We all will die. It is a natural part of living, the same as birth is essential to life. This is our lot.
What makes the difference is what we do between birth and death.
Years ago, I was puzzled as to why this parasha should be called Chayyei Sarah — the life of Sarah. Back then I somehow expected to read about Sarah’s lifetime, not her death and burial. Today, I understand the parasha (as noted in Eitz Hayyim) as marking the transition from one generation to the next.
During Yiskor at Yom Kippur this year, our congregation dedicated nine new memorial plaques — almost 10 percent of the families at Parkway Jewish Center. And there were others we lost for whom plaques have not yet been placed.

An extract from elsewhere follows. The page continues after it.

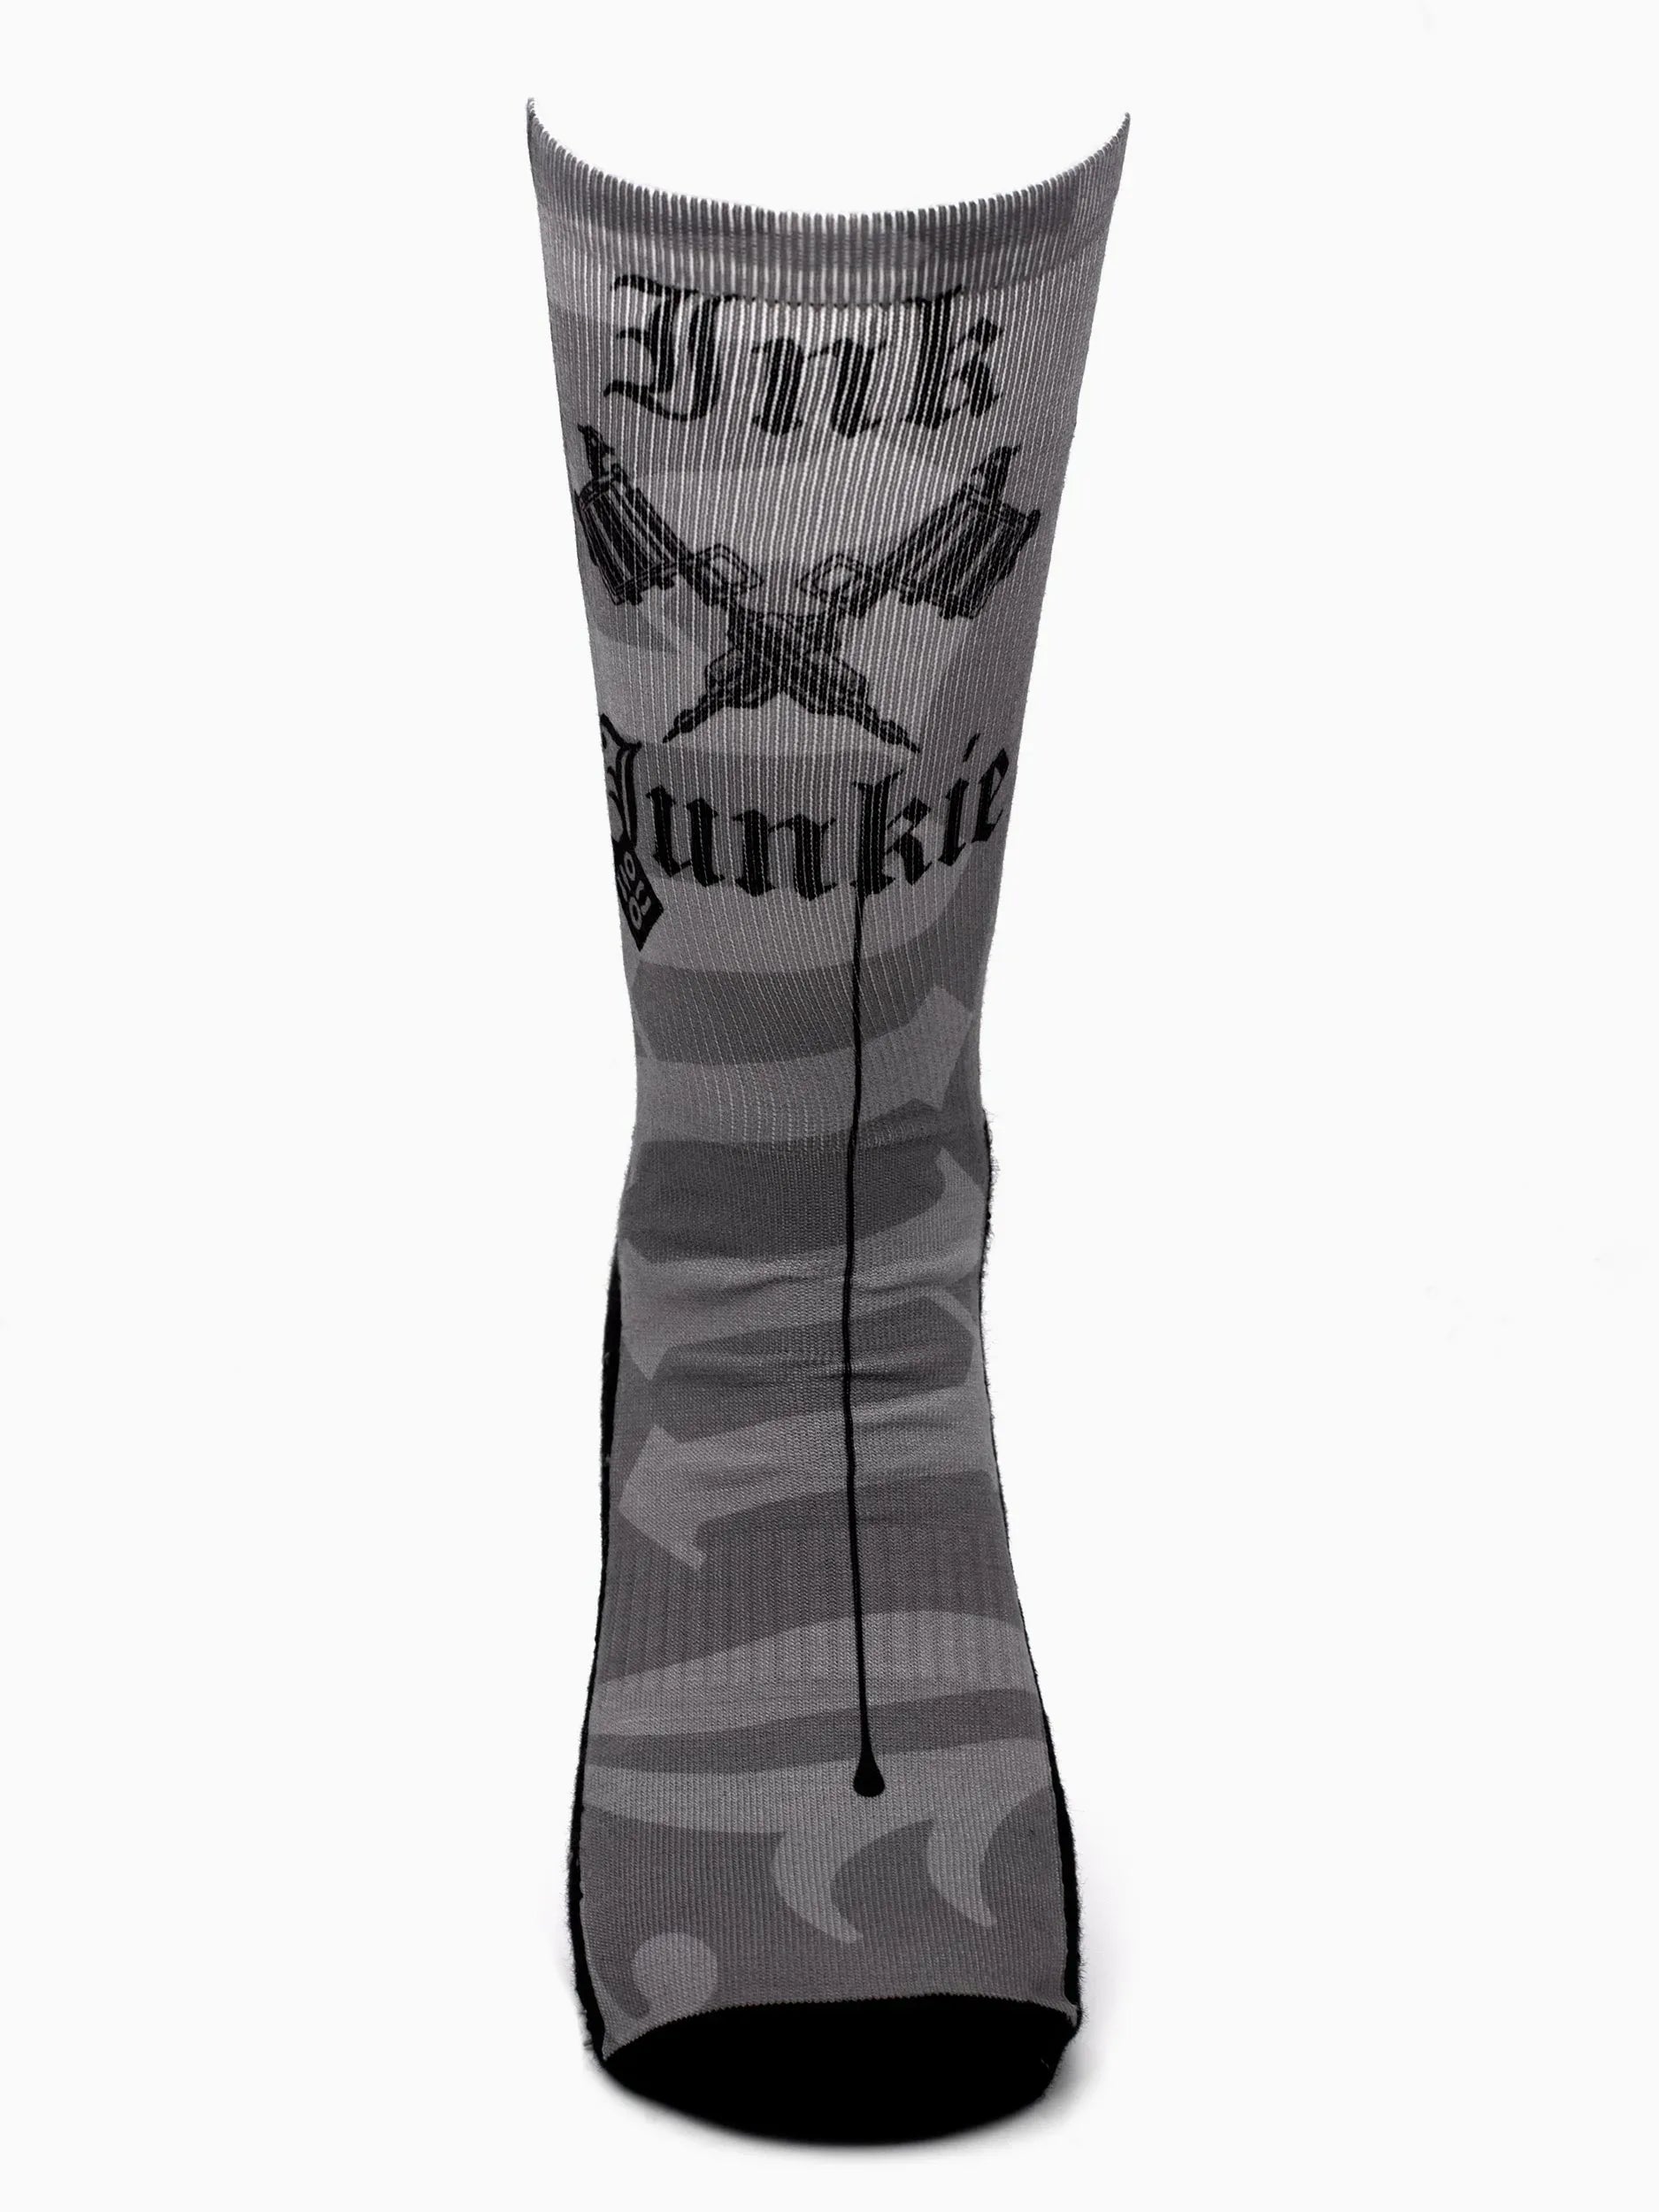 Κάλτσα Airlite Ink Junkie NoHo Collections

It has been a hard year for us, and we mourned with great stress and all too often throughout 5768. And then we started 5769 with yet another loss — one of our board members.
This week’s parasha uses a scant two sentences to report the first death and burial in Jewish history. “Sarah’s lifetime — the span of Sarah’s life — came to one hundred and twenty-seven years. Sarah died in Kiriath-arba — now Hebron — in the land of Canaan; and Abraham proceeded to mourn for Sarah and to bewail her. Then Abraham rose from beside his dead. …”

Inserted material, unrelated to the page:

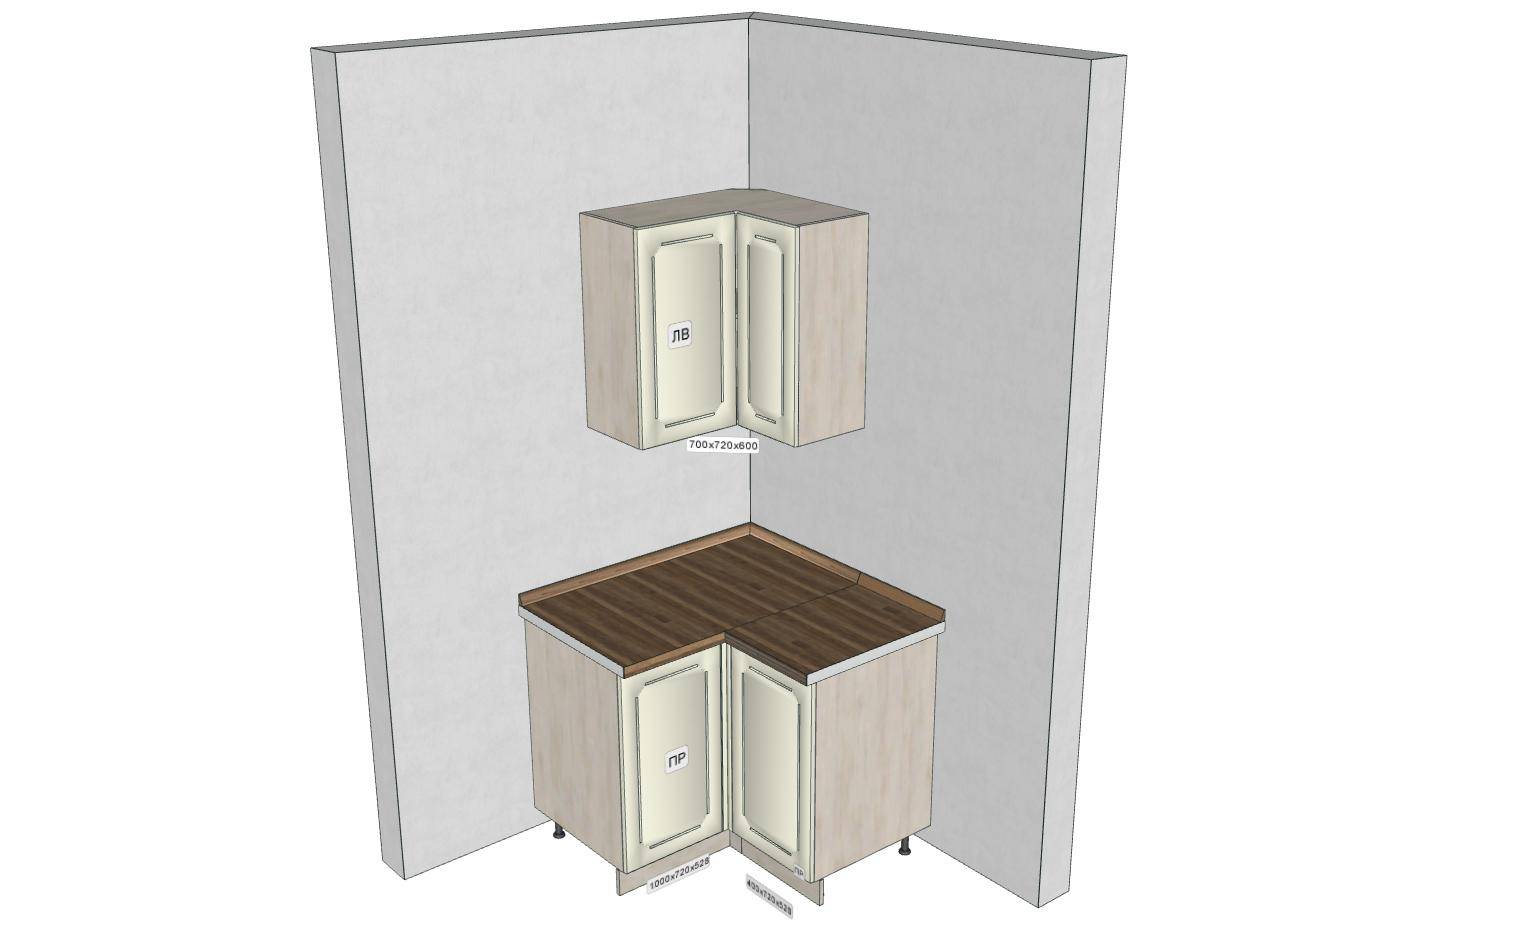 Угловой напольный шкаф под мойку для кухни: виды и дополнительные функции кухонной тумбы

Our ancestor Abraham — the first Jew and father of three great religions — set the template that the entire Jewish community follows to this day. We mourn and then we rise up from our mourning,
We continue with life and the necessities of living. For Avraham Avinu, the first order of business was securing the Cave of Machpelah as a burial site for Sarah (and later, for himself). The second order of business was to secure the future of his generations by securing a suitable wife for his son Isaac. Only then, did Avraham consider himself, taking Keturah as wife and mother of his subsequent children.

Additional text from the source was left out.